Skocz do zawartości
Szukaj w
  • Więcej opcji...
Znajdź wyniki, które zawierają...
Szukaj wyników w...

Zarchiwizowany

Ten temat jest archiwizowany i nie można dodawać nowych odpowiedzi.

Gość Iga

opieka nad rodzicami

Polecane posty

Gość Iga

Może mnie ktoś tu zmiesza z błotem ale wysiadam psychocznie.

Moja mama kupiła mieszkanie bo po naszej wyprowadzce nie było jej stać na utrzymanie mieszkania. Kupiłam w tej samej okolicy mieszkanie obok matki aby w razie czego pomóc jej na starość....moja matka przeszła na emeryturę i zakuplowała się z sąsiadami, kiedy pytałam co jak a dlaczego mówiła że mam się nie wtrącać. Kiedy po kilku latach trafiła do szpitala przegrzebałam jej dokumenty i okazało się że popadła w ruinę finansową i nie płaci nawet czynszu.
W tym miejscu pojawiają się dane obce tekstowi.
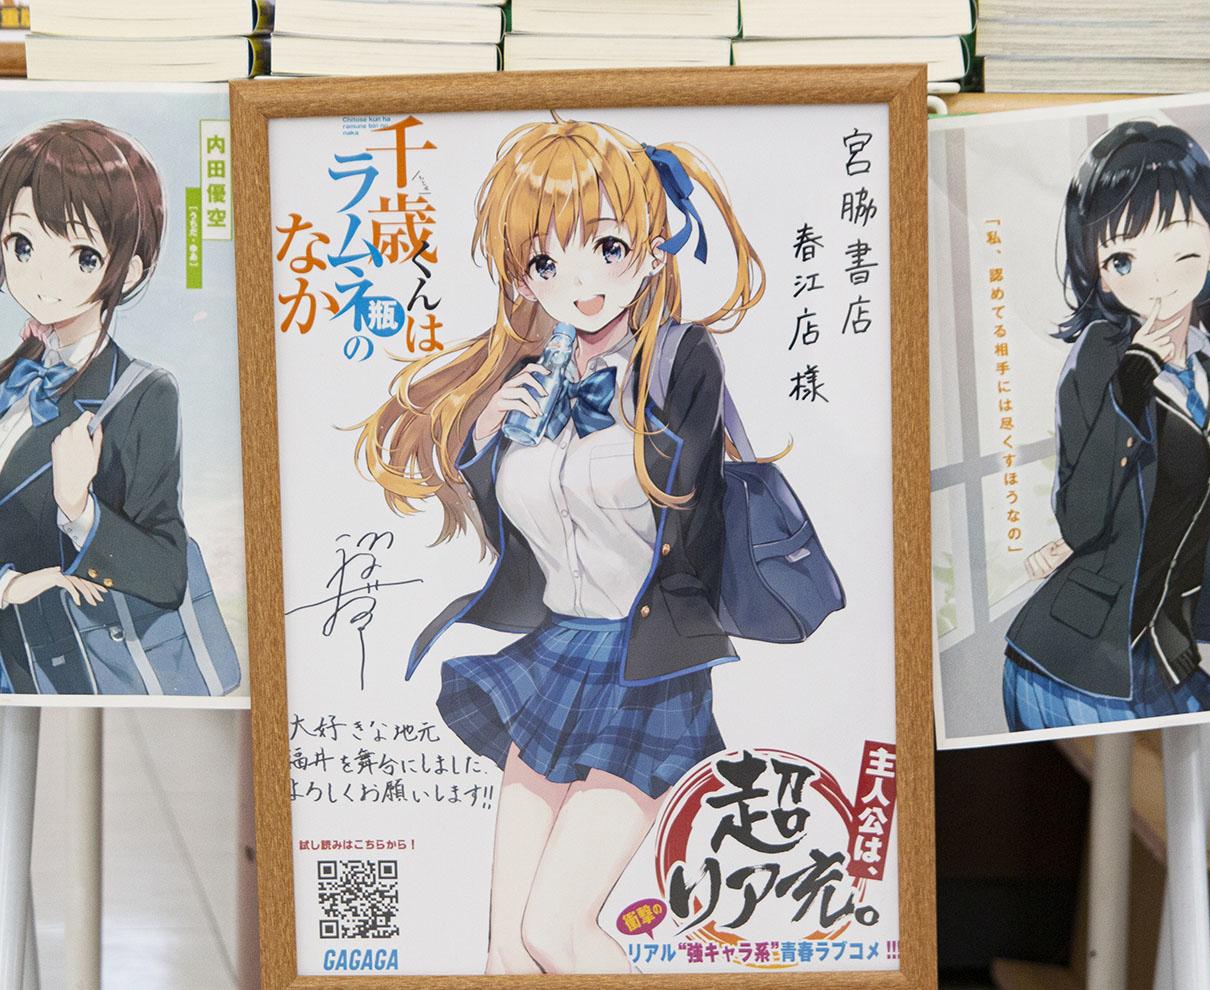 チラムネ、このすば、福井組の作品がエモい! ラノベ業界を席巻する日は近い!?

Do dziś nie wiemy ile tego wzięła i komu bo nie ma umów w domu tylko windykacja i komornicy. W domu dziadostwo, wxięła nie dla siebie.

Matka przestała brać leki choć zarzekała się że brała, podupadła na zdrowiu lekarze mówią że ma miażdżyce jak 90 letnia osoba a ma 60 lat. Pali bardzo dużo.

Nie sprząta bo nie ma czasu, nie chce się myć, mówi że bierze leki a bierze jak chce a w domu zrobiła meline bo kto chce to wchodzi i wychodzi.  W domu śmierdzi. Ja nie mam nic do powiedzenia bo kiedy się odezwę ona mówi że ta osoba ma zostać bo to jej znajomy/znajoma. Wypiją piwo i zostawiają puszki, butelki.

Ostatnio zapukał do mnie mops że sąsiedzi zgłosili że śmierdzi i mam jej posprzątać podsunęły oświadczenie do podpisania że mam to zrobić- było mi wstyd i podpisałam. Powiedziały że mam ją ubezwłasnowolnić.

Dodam że Ci sami sąsiedzi co zadzwonili naciągnęli ją na pożyczki ale już więcej nie mogą bo nawet chwilówki nie dostanie. Wmawiają jej też że oddali jej pieniądze.

Ona sama nie wie ile tego ma, długi przewyższyły wartość mieszkania. W domu jest ruina.

Moje dzieci nie chcą chodzić do babci bo kiedy chodzili to zaczepiali ich te pijaczki. Moja matka stawiała hamburgery dziecią a kiedy moje przyszły powiedziała wy macie rodziców. Nie chcą tam chodzić i nie odwiedzają babci. Ja rozumiem choroba chorobą ale czy można wszystko tłumaczyć chorobą?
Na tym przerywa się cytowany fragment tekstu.